20th January 2011

June 12, 2013  •  Leave a Comment

20th January 2011

First thing I heard was, ‘Happy Birthday, you’re old’ followed by laughter. So this was the day, my birthday, my 30th and here I was waking up on boat, moored in Darwin Bay, Genovesa Island in the Pacific. That’s something to tell people when you tell them how you celebrated your 30th.

Like days before, we had breakfast to fill our stomachs and got onto the panga and off we went for our morning excursion which was a ride along the sheared wall cliffs, looking out for red footed boobies and seals. The jagged cliff face was covered in bird faeces, almost making it white rather than the dark lava grey colour of the rocks. As we contoured the cliffs, we noticed a pair of seals . They seemed to be sleeping in the shade, in fact they were just resting …. If you looked you’d notice their eyelids move, followed by a few small shuffles. After a couple of minutes. After a few more minutes watching the seals, we turned the panga round and headed to Prince Phillip’s Steps in the southern part of Darwin Bay. The night before we were told by William that we’d be walking along a 1.5km trail on the cliffs and we should expect to see Red Footed Boobies, great frigate birds, Nazca Boobies, Galapagos Storm Petrels, and short eared owls.

We took caution climbing up the steps which were at times steep. We all gathered round William for a brief group talk and then we were on our way, walking past nests and seeing Red Footed Boobies. Someone in the group asked the question as to why they have red feet and William response was that they don’t know, he also remarked that the red and blue footed species of boobies never crossed paths.

I noticed a Red Footed Boobie perched on a branch,  the webs on the feet are more flexible than the other species, because they perch on, and nest in, trees. I was no more than 3 feet away and with all my encounters with wildlife here at the Galapagos, I was just entranced. It’s unlike anything else…this is wildlife that is untamed and has not suffered at the hand of humanity. The wildlife have no fear of us, and thus the interaction is more personable. The wind would slowly move the boobie’s feathers, so every now and then it would stretch its webbed feet to get a greater hold on the branch.  It was truly a magical experience.

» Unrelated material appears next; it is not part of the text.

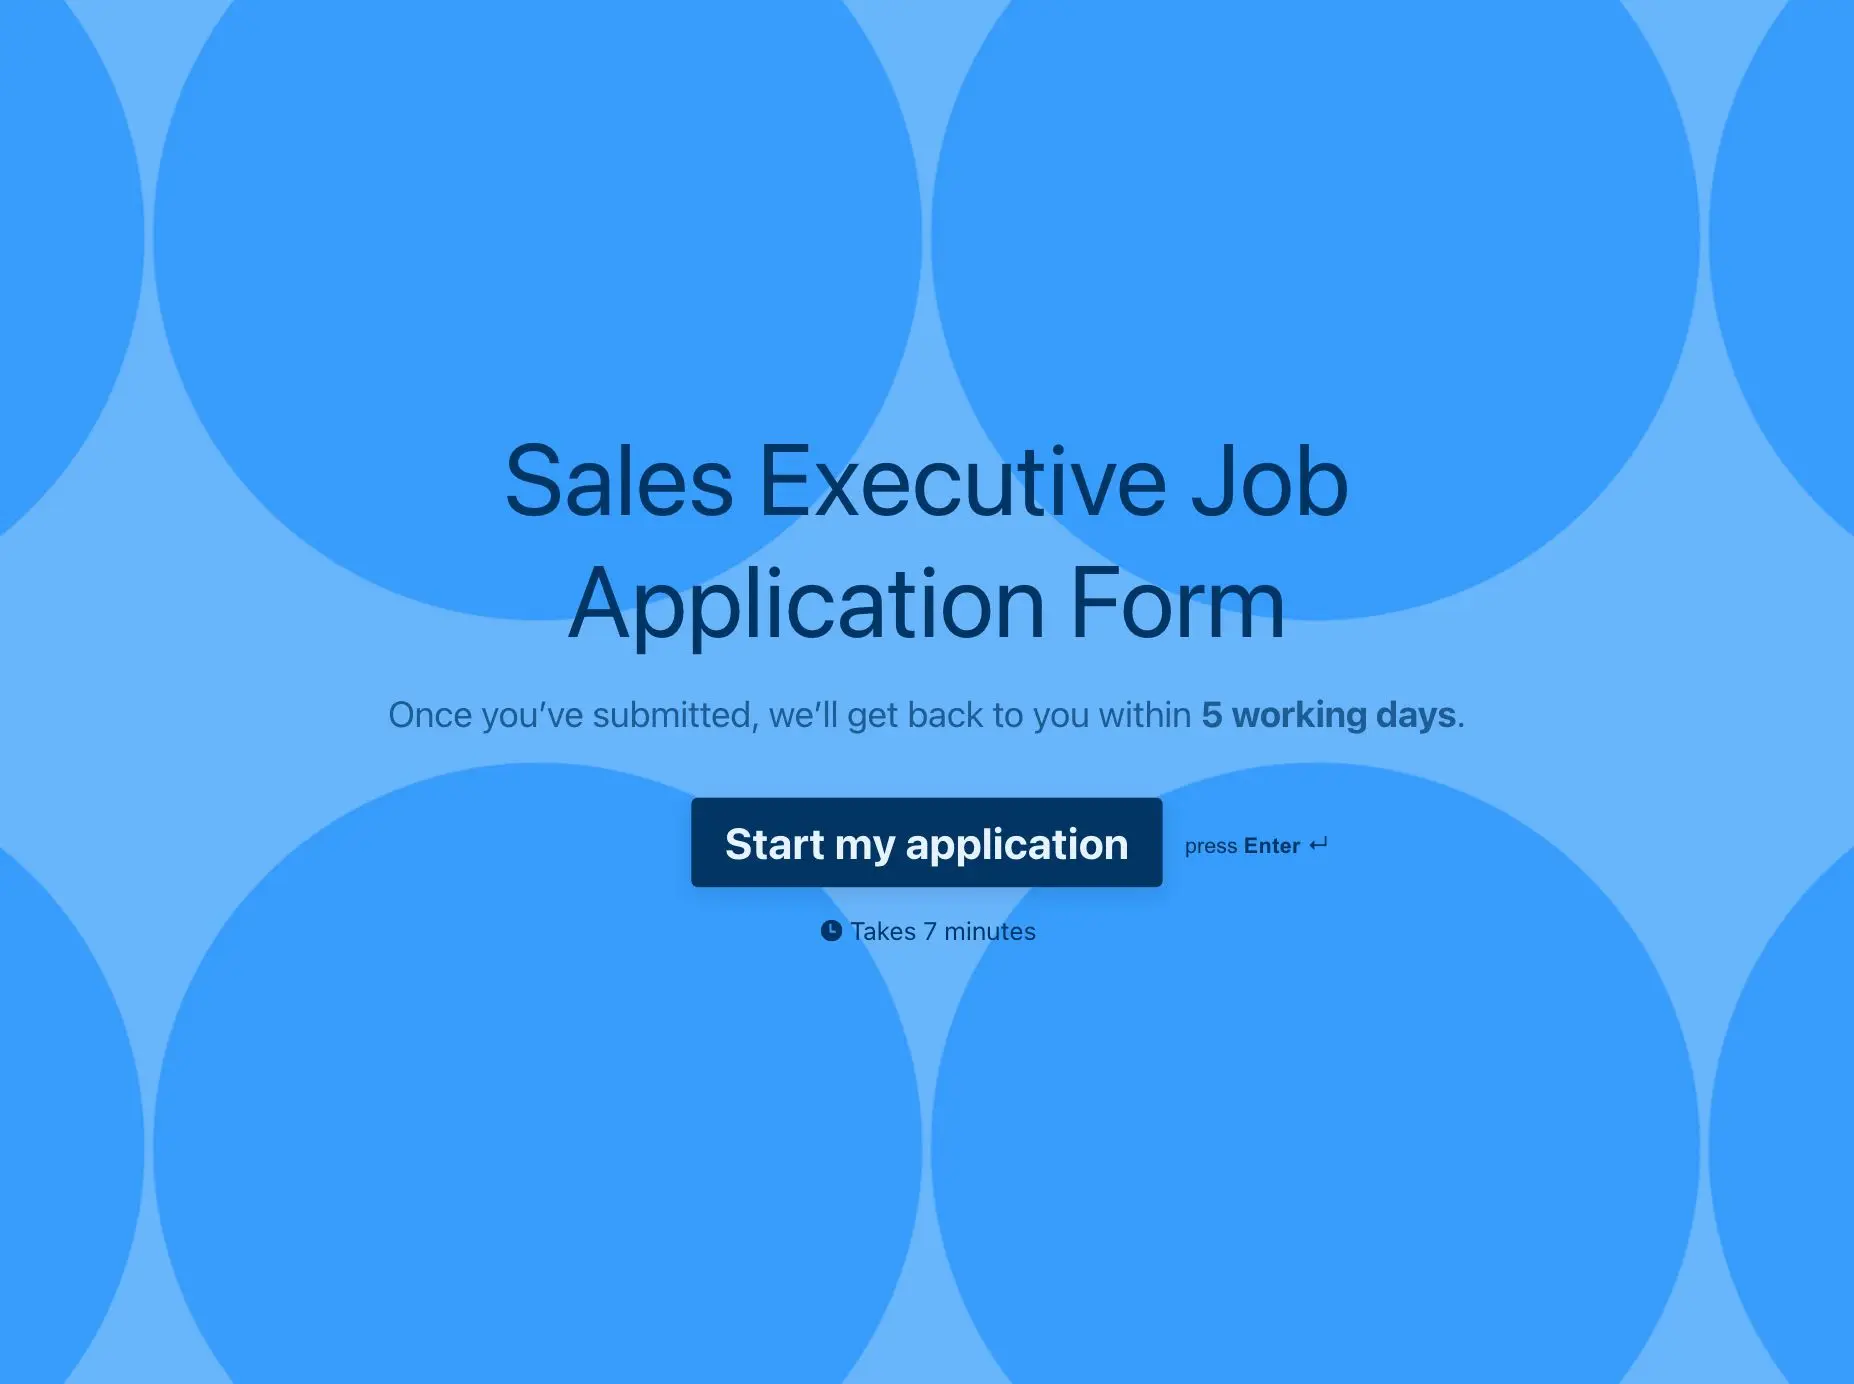 Sales Executive Job Application Form Template Hero

As we continued walking, I caught sight of two Nazca Boobies.  They appeared to be checking each other’s feathers making sure they were clean, fit and proper. It put a smile on my face, as it mirrored the sense of love that some of us humans have for one another and here it was, in nature.

https://vimeo.com/album/1593075/video/29561363

Next we came across what seemed like a sea of Galapagos Storm Petrels, William said there was probably a few hundred, flying just by the coastline above the waters. It was hypnotic to see, just following the dark shadows in the air and tracking the huge swarms move was an experience. You see it a lot in nature programmes and may see it in your local park, but out in the pacific, with nature as raw as this, was awesome. While our gaze was fixed on the swarms, William caught sight of a short eared owl through his spotting scope. It was an impressive spot to say the least, the bird was at least  600 ft away, perched inside a small cave. He quickly gathered us around to see it through the scope as it was rare to see and he was quite happy with the find… I think we were all amazed.

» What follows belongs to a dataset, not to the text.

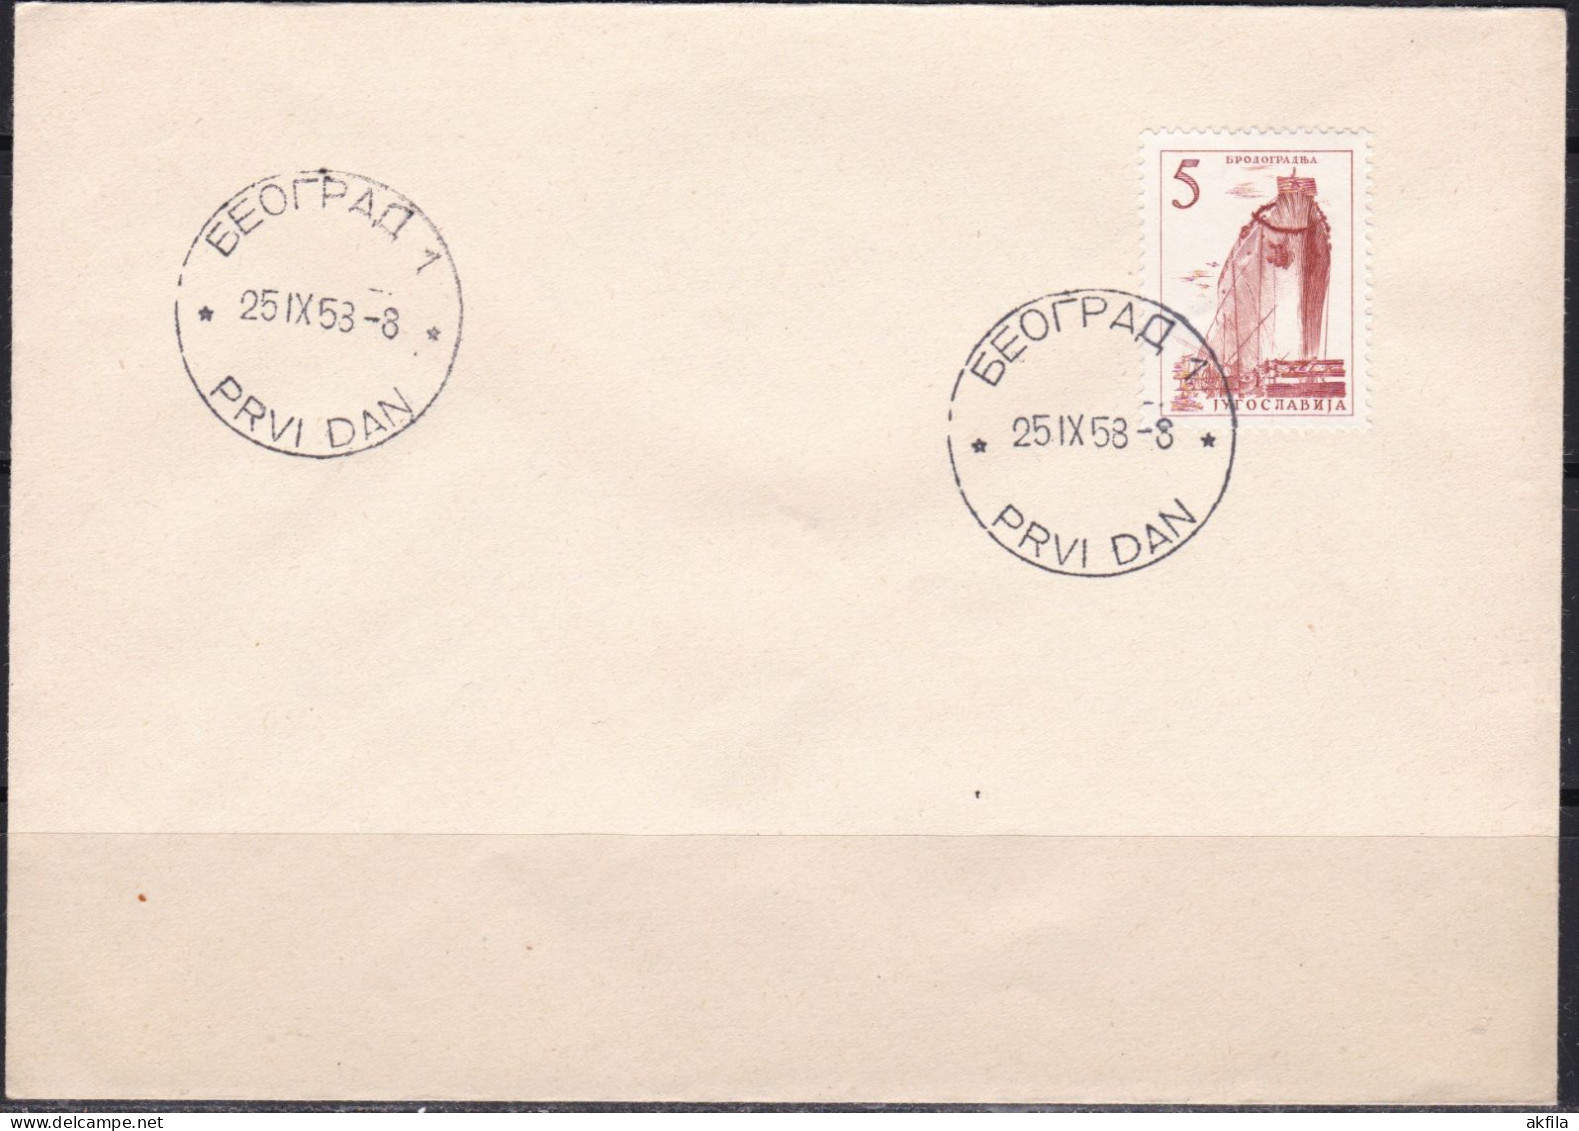 Yugoslavia 1958 Definitive Stamp FDC - FDC

Later on when we got back to the beach, we had some time to ourselves and for those who wanted to there was the option to snorkel.  William decided to snorkel today, it was the first time we had seen this and it was great.  I took this moment to have some time to myself and and walk round the marked path near the beach. It was emotional at times not only because it was my 30th but i was thinking back over what I had achieved up to this point in my life and also where I was heading. I thought about my family and the fact that my dad wasn’t alive, and that he would never know what I’d done and achieved.  He passed away when I was 11. All the emotions were strong, but there was an immeasurable scope of joy and a great sense of achievement, to be standing and looking out at the sun, with sea lions no more than a few feet away and birds flying overhead, it was truly heartfelt and it meant so much to me. It’s moments like these that you truly can’t describe in words.

That evening back on the boat the crew made me a birthday cake. An actual cake …. a sponge cake, with icing. It really took me by surprise but was such a great thing, they all sang Happy Birthday to me in Spanish which is something that I will remember forever.  We all had cake and spent the evening celebrating my birthday. The crew and my fellow travelers were just amazing and to celebrate with me meant a lot, we were merely strangers when we first met but for that evening, we were family.  Before we all went to bed, we met with William to discuss the excursions for the next day. A long cruise to Sullivan Bay to see strange lava formations and lava lizards.